* Task brief
For this exercise, restate word for word only the lines from the first line of the data to the line containing "Lunadoro Tradizionale Vino".

* Source data

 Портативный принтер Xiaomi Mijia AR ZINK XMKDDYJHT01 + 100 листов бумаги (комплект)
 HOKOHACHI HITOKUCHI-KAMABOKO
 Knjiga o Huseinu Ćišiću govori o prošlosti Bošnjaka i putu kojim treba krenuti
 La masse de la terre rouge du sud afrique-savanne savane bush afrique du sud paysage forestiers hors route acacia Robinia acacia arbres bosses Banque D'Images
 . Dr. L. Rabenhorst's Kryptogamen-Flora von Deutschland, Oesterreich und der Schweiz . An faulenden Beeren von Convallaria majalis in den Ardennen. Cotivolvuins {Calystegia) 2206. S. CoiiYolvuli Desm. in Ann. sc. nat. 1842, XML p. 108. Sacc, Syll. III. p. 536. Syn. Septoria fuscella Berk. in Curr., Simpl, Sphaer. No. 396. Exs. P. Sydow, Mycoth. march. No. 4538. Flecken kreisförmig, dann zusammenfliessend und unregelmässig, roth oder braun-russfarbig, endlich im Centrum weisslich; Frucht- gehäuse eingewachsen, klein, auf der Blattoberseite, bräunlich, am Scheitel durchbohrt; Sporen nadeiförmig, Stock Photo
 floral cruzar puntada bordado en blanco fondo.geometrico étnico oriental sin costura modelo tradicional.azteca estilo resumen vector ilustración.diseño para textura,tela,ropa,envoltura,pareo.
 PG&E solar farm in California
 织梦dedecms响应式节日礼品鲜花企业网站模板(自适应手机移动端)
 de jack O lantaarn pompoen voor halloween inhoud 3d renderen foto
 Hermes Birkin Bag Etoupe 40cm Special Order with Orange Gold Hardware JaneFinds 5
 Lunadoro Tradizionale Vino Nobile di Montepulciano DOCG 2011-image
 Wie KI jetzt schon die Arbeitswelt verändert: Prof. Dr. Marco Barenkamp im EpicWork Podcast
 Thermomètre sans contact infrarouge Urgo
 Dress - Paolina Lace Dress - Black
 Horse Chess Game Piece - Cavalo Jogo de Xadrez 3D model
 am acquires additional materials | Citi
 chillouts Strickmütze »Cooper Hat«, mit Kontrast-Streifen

* Finished task
 Портативный принтер Xiaomi Mijia AR ZINK XMKDDYJHT01 + 100 листов бумаги (комплект)
 HOKOHACHI HITOKUCHI-KAMABOKO
 Knjiga o Huseinu Ćišiću govori o prošlosti Bošnjaka i putu kojim treba krenuti
 La masse de la terre rouge du sud afrique-savanne savane bush afrique du sud paysage forestiers hors route acacia Robinia acacia arbres bosses Banque D'Images
 . Dr. L. Rabenhorst's Kryptogamen-Flora von Deutschland, Oesterreich und der Schweiz . An faulenden Beeren von Convallaria majalis in den Ardennen. Cotivolvuins {Calystegia) 2206. S. CoiiYolvuli Desm. in Ann. sc. nat. 1842, XML p. 108. Sacc, Syll. III. p. 536. Syn. Septoria fuscella Berk. in Curr., Simpl, Sphaer. No. 396. Exs. P. Sydow, Mycoth. march. No. 4538. Flecken kreisförmig, dann zusammenfliessend und unregelmässig, roth oder braun-russfarbig, endlich im Centrum weisslich; Frucht- gehäuse eingewachsen, klein, auf der Blattoberseite, bräunlich, am Scheitel durchbohrt; Sporen nadeiförmig, Stock Photo
 floral cruzar puntada bordado en blanco fondo.geometrico étnico oriental sin costura modelo tradicional.azteca estilo resumen vector ilustración.diseño para textura,tela,ropa,envoltura,pareo.
 PG&E solar farm in California
 织梦dedecms响应式节日礼品鲜花企业网站模板(自适应手机移动端)
 de jack O lantaarn pompoen voor halloween inhoud 3d renderen foto
 Hermes Birkin Bag Etoupe 40cm Special Order with Orange Gold Hardware JaneFinds 5
 Lunadoro Tradizionale Vino Nobile di Montepulciano DOCG 2011-image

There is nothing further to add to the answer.